Sell with $500k for tax benefit?

10 Replies

My primary home has gained its value more than 500 K since my purchase. Further gain will be taxed as ordinary income. Should I sell the current home and buy a new one to take advantage of the tax benefit again?

Not a good idea. Any SFR in Bay Area goes for over $1M. Let's say you bought your property for $1M and its valued at $1.5M now. Here are the reasons:
1) Buy selling it now and then buying another property at $1.5M would increase your property taxes as property taxes would go with purchase price of $1.5M whereas you most probably will be paying way less taxes on your current residence.
2) you would be starting a new mortgage cycle and adding another 30 years of interest. You should know that with any mortgage, significant part of interest is charged up front.
3) you can't write off interest on new mortgage originated over $750K. This is another big issue in SF BAY AREA.
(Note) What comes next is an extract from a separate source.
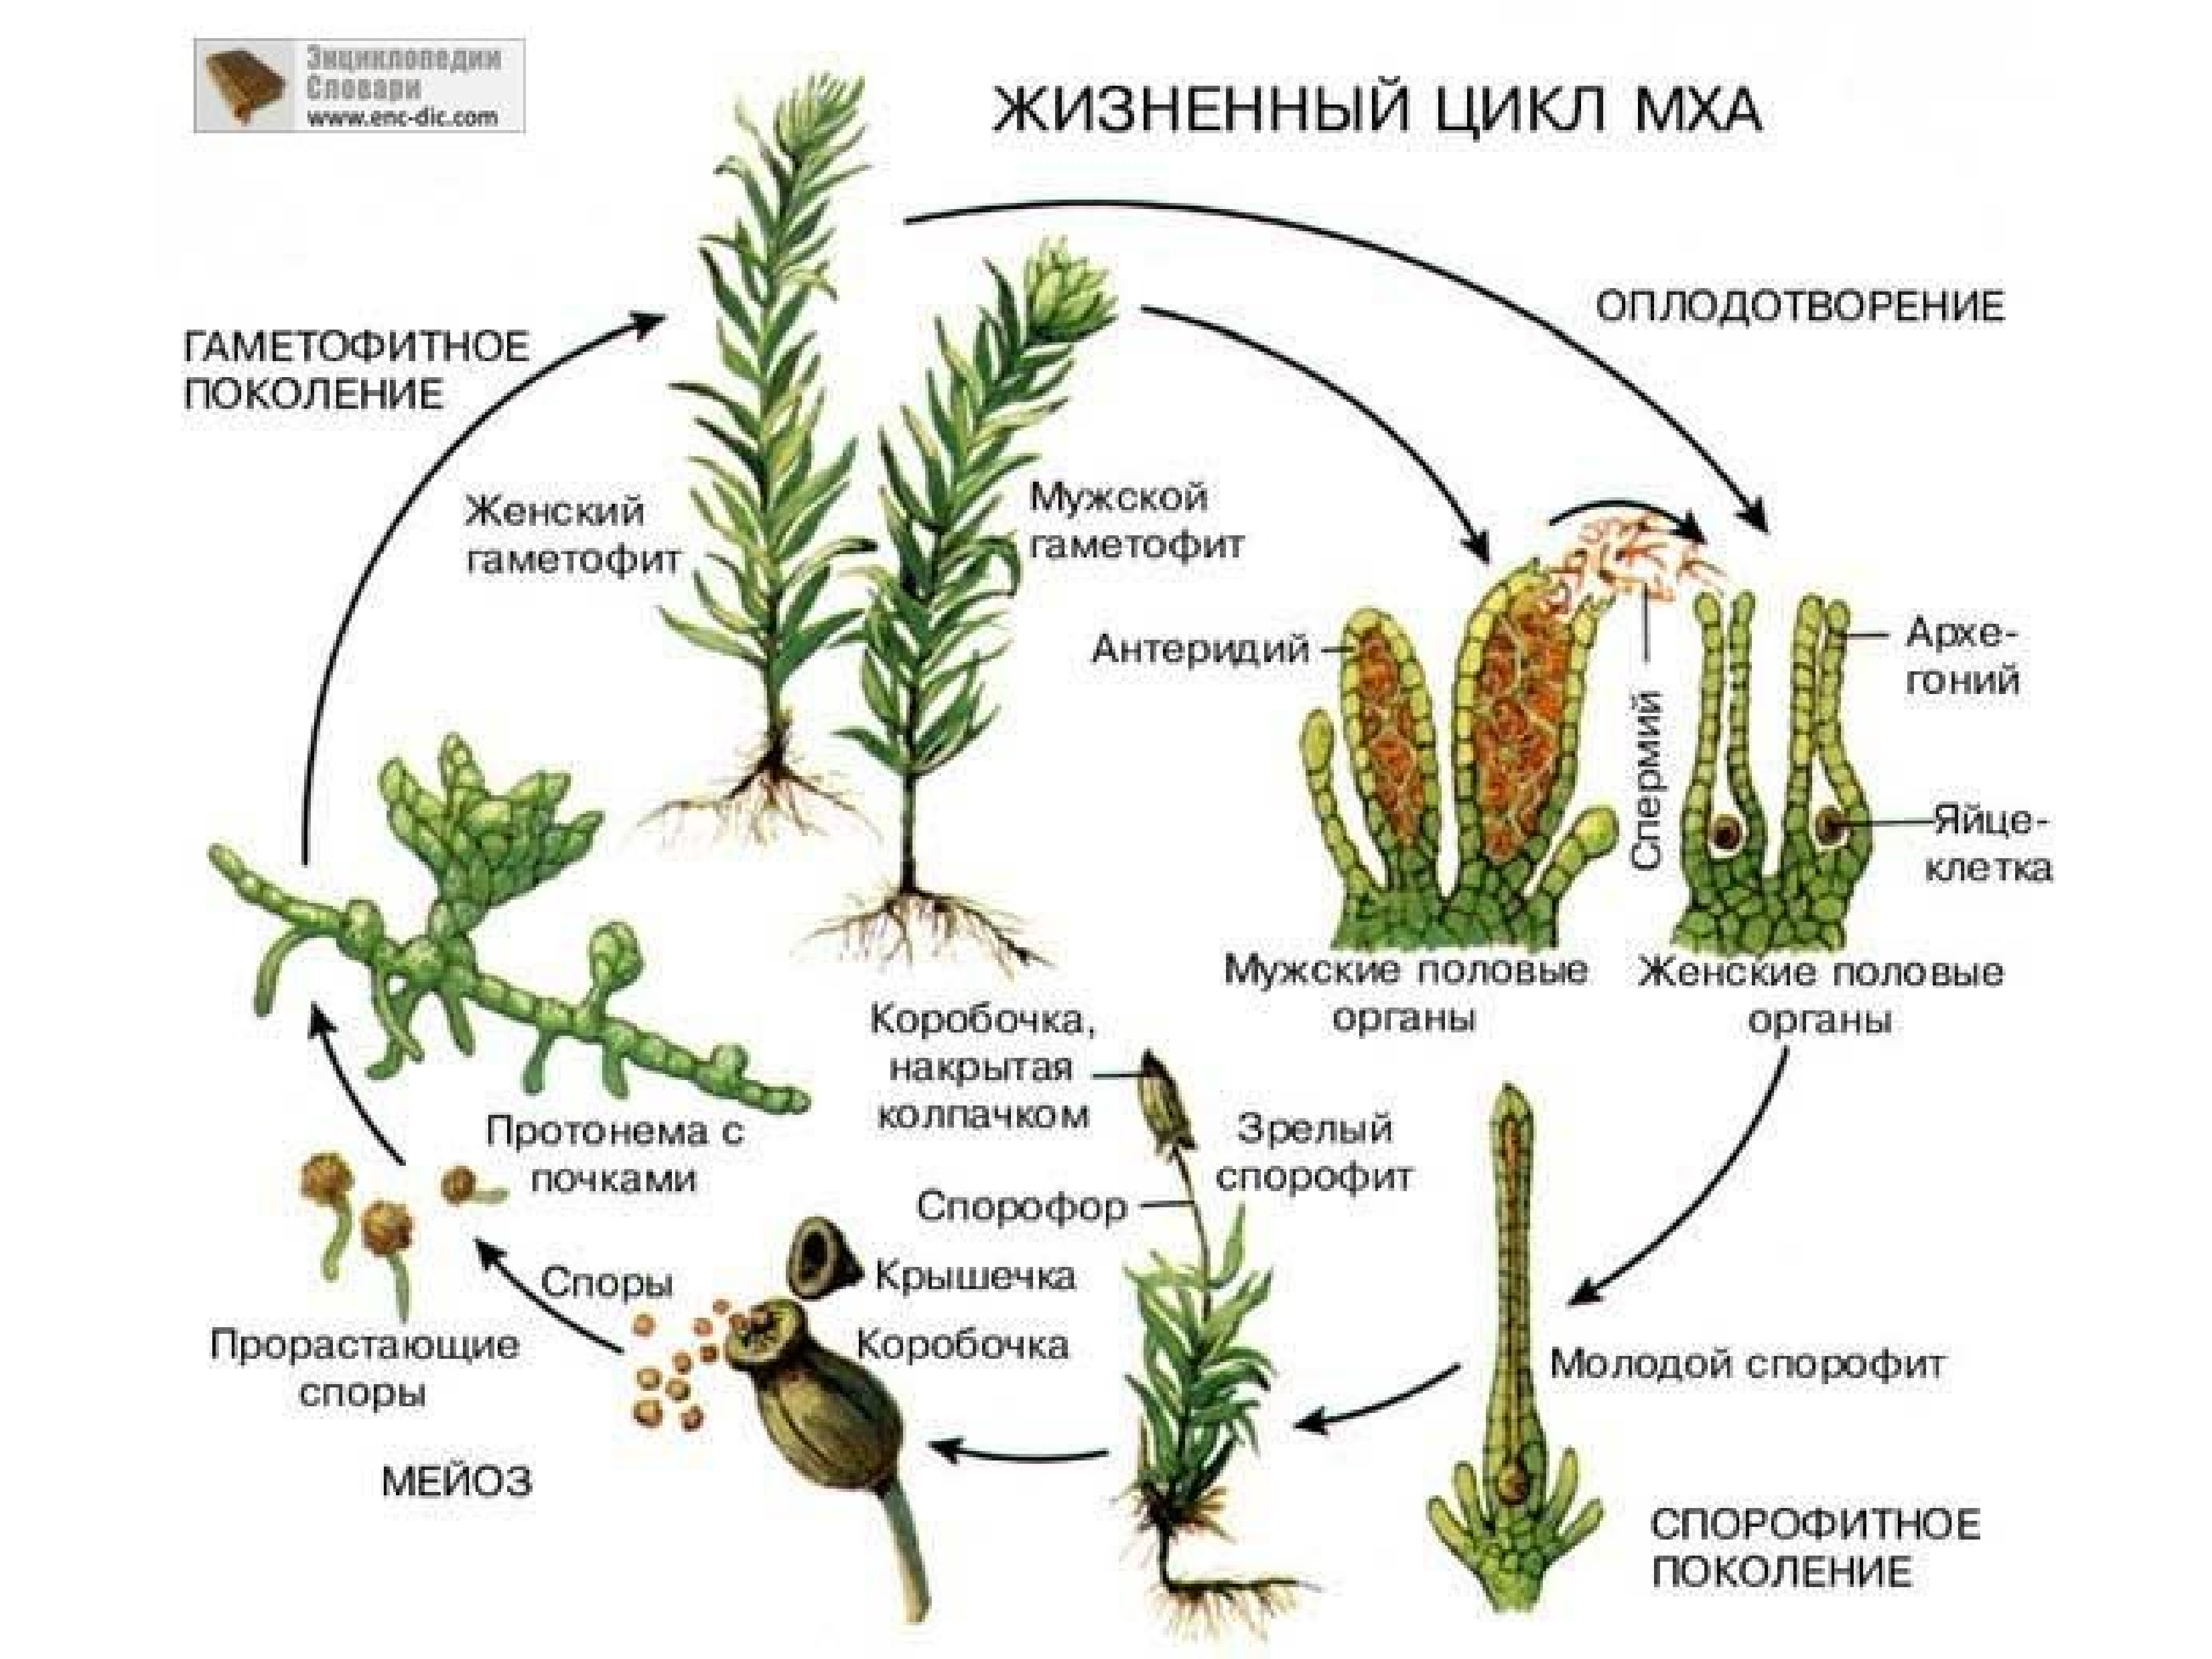 Цветок гаметофит. Жизненный цикл моховидных растений схема. Жизненный цикл мха сфагнума схема. Жизненный цикл мохообразных схема. Жизненный цикл мхов схема.

I would say if you want to move eventually, yes, planning to maximize the 500k exclusion is wise. We have another post on someone who has a few million in gain and can't afford to sell and buy a similar property since the tax bill would be several hundred thousand.

Originally posted by @Alpesh Parmar :

Not a good idea. Any SFR in Bay Area goes for over $1M. Let's say you bought your property for $1M and its valued at $1.5M now. Here are the reasons:
1) Buy selling it now and then buying another property at $1.5M would increase your property taxes as property taxes would go with purchase price of $1.5M whereas you most probably will be paying way less taxes on your current residence.
2) you would be starting a new mortgage cycle and adding another 30 years of interest. You should know that with any mortgage, significant part of interest is charged up front.
3) you can't write off interest on new mortgage originated over $750K. This is another big issue in SF BAY AREA.

Since you live in Milpitas, with regards to your Prop 13 tax basis, if you are 55 years of age or older, check with the Santa Clara County Tax Assessor.

https://www.sccassessor.org/index.php/forms-and-publications/forms/60-ah-transfer-your-assessed-value-prop-60-90

When I sold my long-time San Jose home three years ago, I considered my tax basis transfer options if I remained in California, but decided to retire to a state with a lower cost of living and no state income tax.

Jeongmin,
A couple of posts here really nailed it in regards to capital gains taxation vs ordinary income. It really depends on what your goals are? If you are looking to access that capital like many investors are then your best best is a Heloc.

Originally posted by @Jeongmin J. :

My primary home has gained its value more than 500 K since my purchase. Further gain will be taxed as ordinary income. Should I sell the current home and buy a new one to take advantage of the tax benefit again?

I am in same boat , my 1 mm purchase 5 years back is now worth 1.5-1.6 mm 

I am not selling. I need a place to live. I don't care about the fact that i have to pay capital gains tax for >500k. It should be worth min 2mm if i keep it another 5 years.